Confidentiality can be understood as protecting the data from being read from outside of the trusted domain. However, it was quickly understood that this also requires integrity protection, to make sure that a malicious actor cannot tamper with the trusted domain. Such tampering would make it all too easy not just to corrupt trusted data, but possibly even to take over the execution flow sufficiently to cause a data leak.
In practical terms, this means that a malicious system administrator on a public cloud can no longer dump the memory of a virtual machine to try and steal passwords as they are being processed. What they would get from such a dump would, at best, be encrypted versions of the password. This is illustrated in this demo of confidential workloads, where a password in memory is shown to be accessible to a host administrator if not using confidential computing (at time marker 01:23), and no longer when confidential computing encrypts the memory (at time marker 03:50).
On many platforms, the memory encryption key resides in hardware (which may be a dedicated security processor running its own firmware like on AMD-SEV, or a separate hardware-protected area of memory like for ARM-CCA), and barring hardware-level exploits finding a way to extract it, there is no practical way to decrypt encrypted memory. Most importantly, the keys cannot be accessed through human errors, such as through social engineering, and that matters since human error is one of the most common methods used to compromise a system.
The only failure mode of concern for confidential computing is a data leak. Denial of service (DoS) is specifically out of scope, and for a good reason: the host manages physical resources, and can legitimately deny their access at any time, and for any purpose, ranging from the mundane (throttling for cost reasons) to the catastrophic (device failure, power outage or datacenter flooding). Similarly, from a confidentiality point of view, a crash is an acceptable result, as long as that crash cannot be exploited to leak confidential data.

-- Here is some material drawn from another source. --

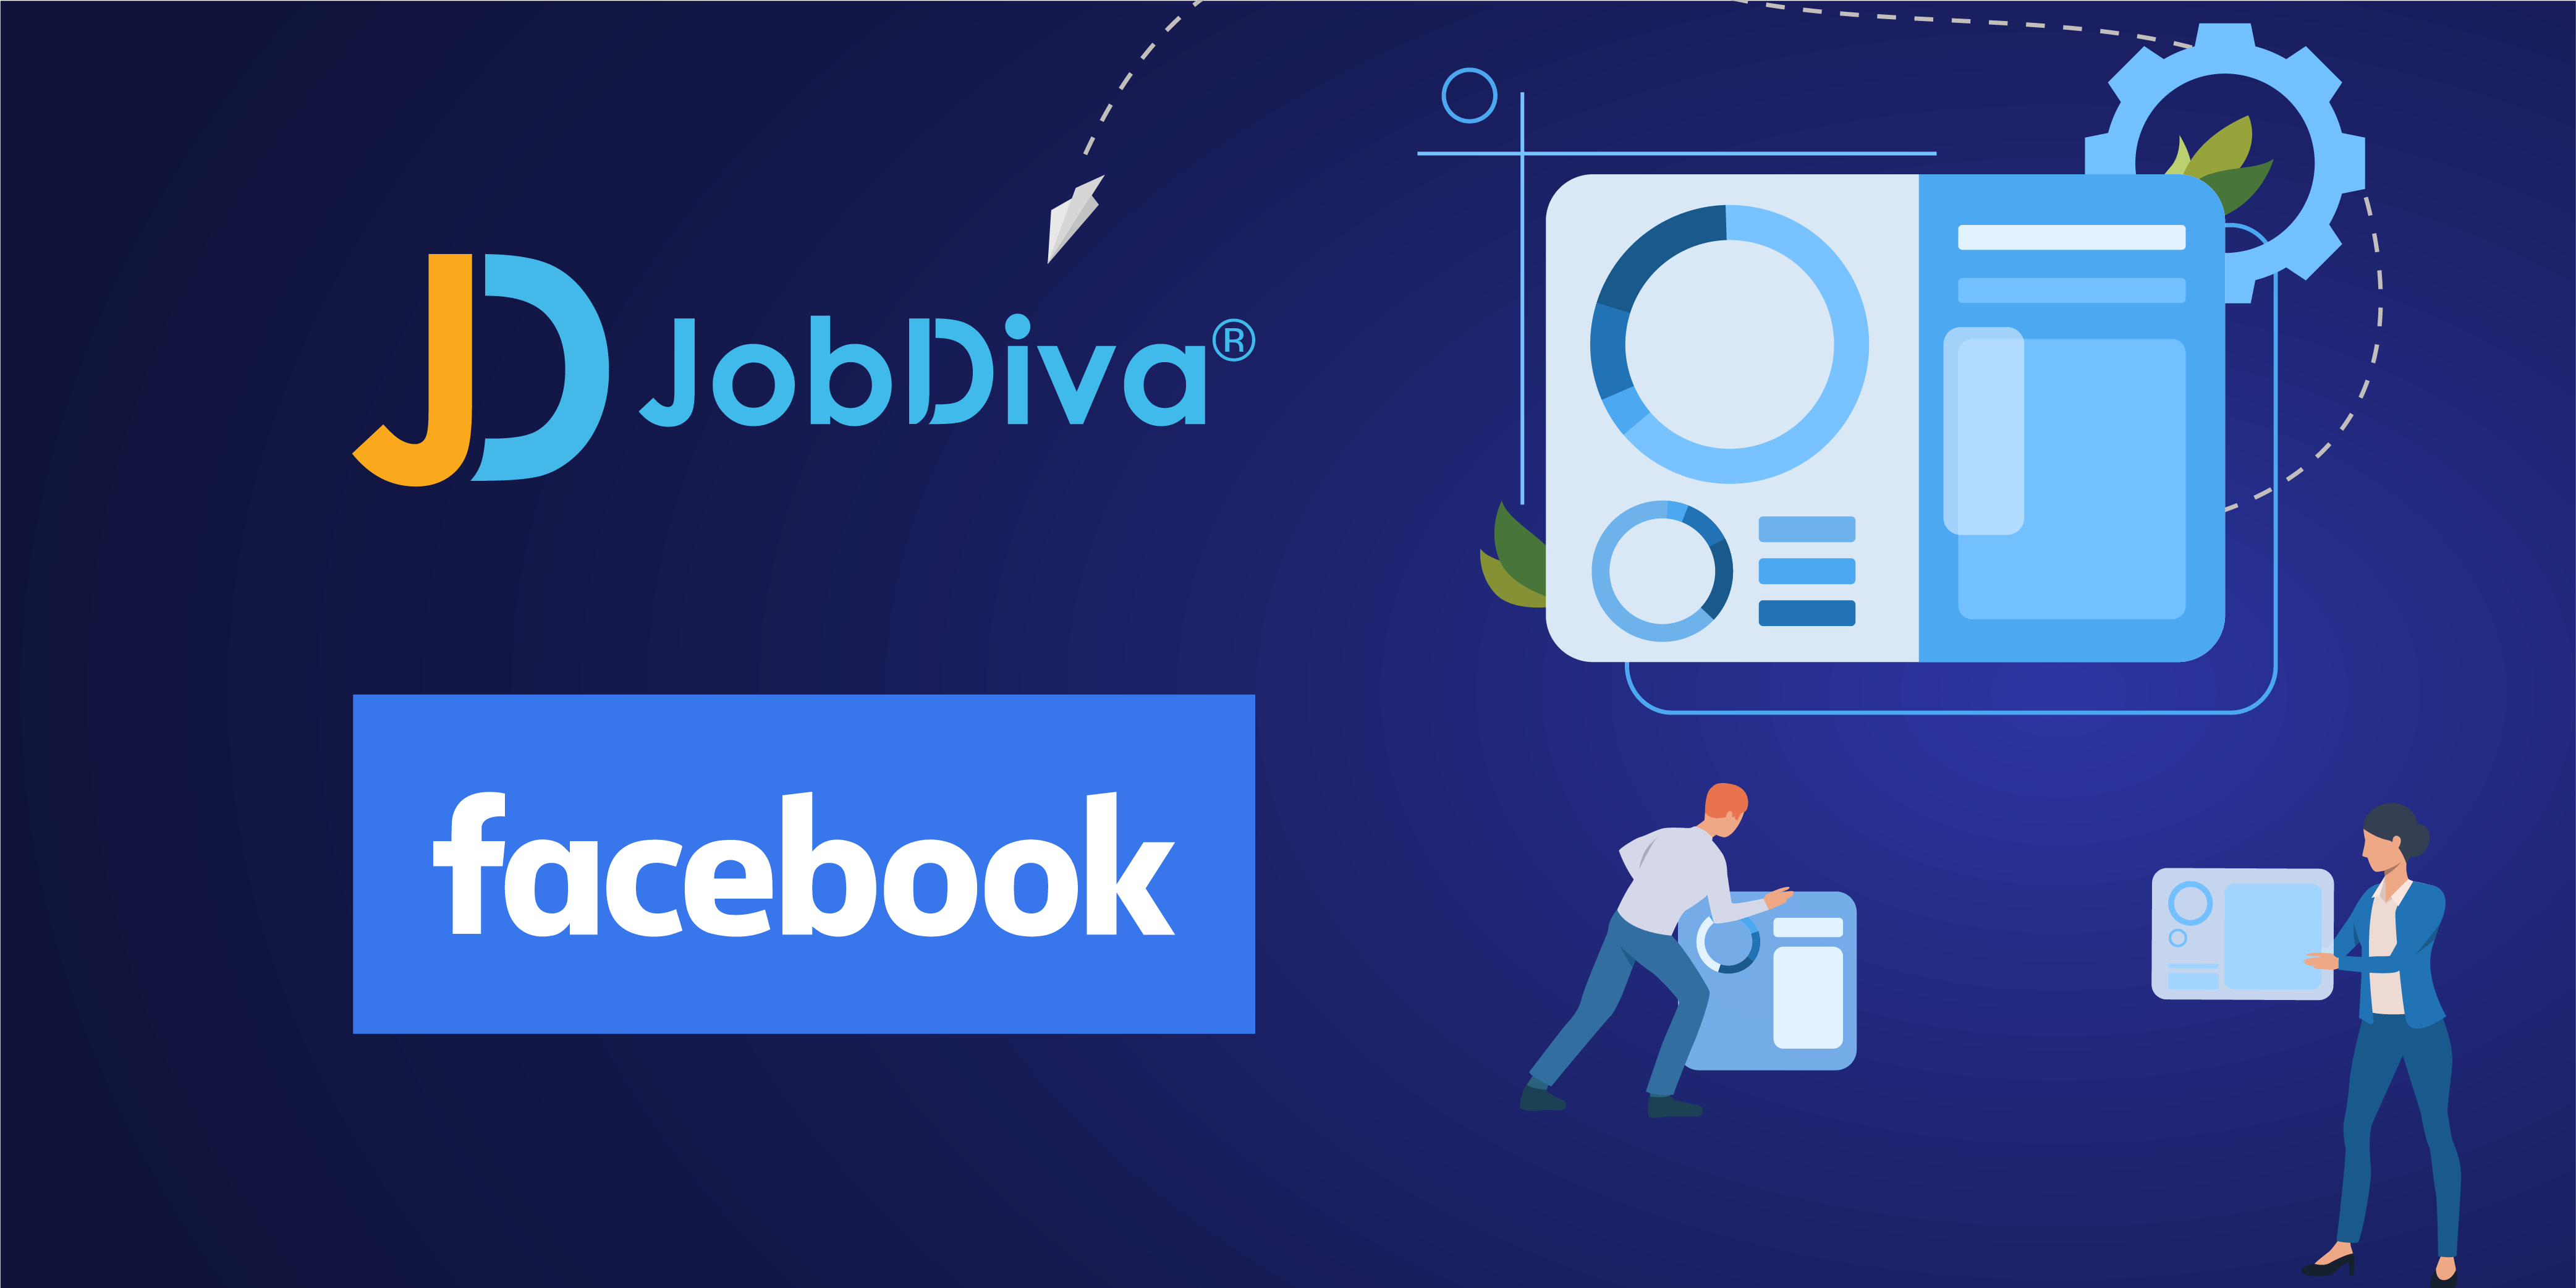 JobDiva 與 Jobs on Facebook 整合

This uproots the usual security model for the guest operating system. In a traditional model, the execution environment is globally trusted: it makes no sense to think about the security damage that could result if program instructions start misbehaving, if register data is altered or if memory content changes at random. However, in a confidential computing scenario, some of these questions become relevant.
The community, starting with Intel, started documenting various new potential threats, and it’s fair to say that there was some sharp push back from the kernel community against confidential as a whole and this new attack model in particular, even after significant rework to show how important the concepts were.
One of the most obvious attack vectors in the new model is the hypervisor. A malicious hypervisor can relatively easily inject random data or otherwise disturb the execution of the guest, facilitating timing attacks or lying about the state and capabilities of the supporting platform to suppress necessary mitigations. Emulation of I/O devices, notably access to device registers in the PCI space, may require additional scrutiny if bad data can lead to controlled guest crashes that would expose confidential data.
This is a massive change in the threat model for the kernel, which historically, except in the case of known bugs, always tended to trust hardware in general, and I/O devices in particular, The massive change in viewpoint explains the pushback from several kernel developers against the new threat model that confidential computing requires. This is still an active area of research.
Various kinds of proof
Like all security technologies, confidential computing relies on a chain of trust which maintains the security of the whole system. That chain of trust starts with a root of trust, i.e. an authoritative source that can vouch for the encryption keys being used. It is built on various cryptographic proofs that provide some strong mathematical guarantees.
The most common forms of proof include:
- Certificates, which prove someone’s identity. If you use Secure Boot to start your computer, Microsoft-issued certificates confirm Microsoft’s identity as the publisher of the software being booted.
- Encryption, preventing the data from being understood by anyone except its intended recipient. When you connect to any e-commerce site today, HTTPS encrypts the data between your computer and the web server.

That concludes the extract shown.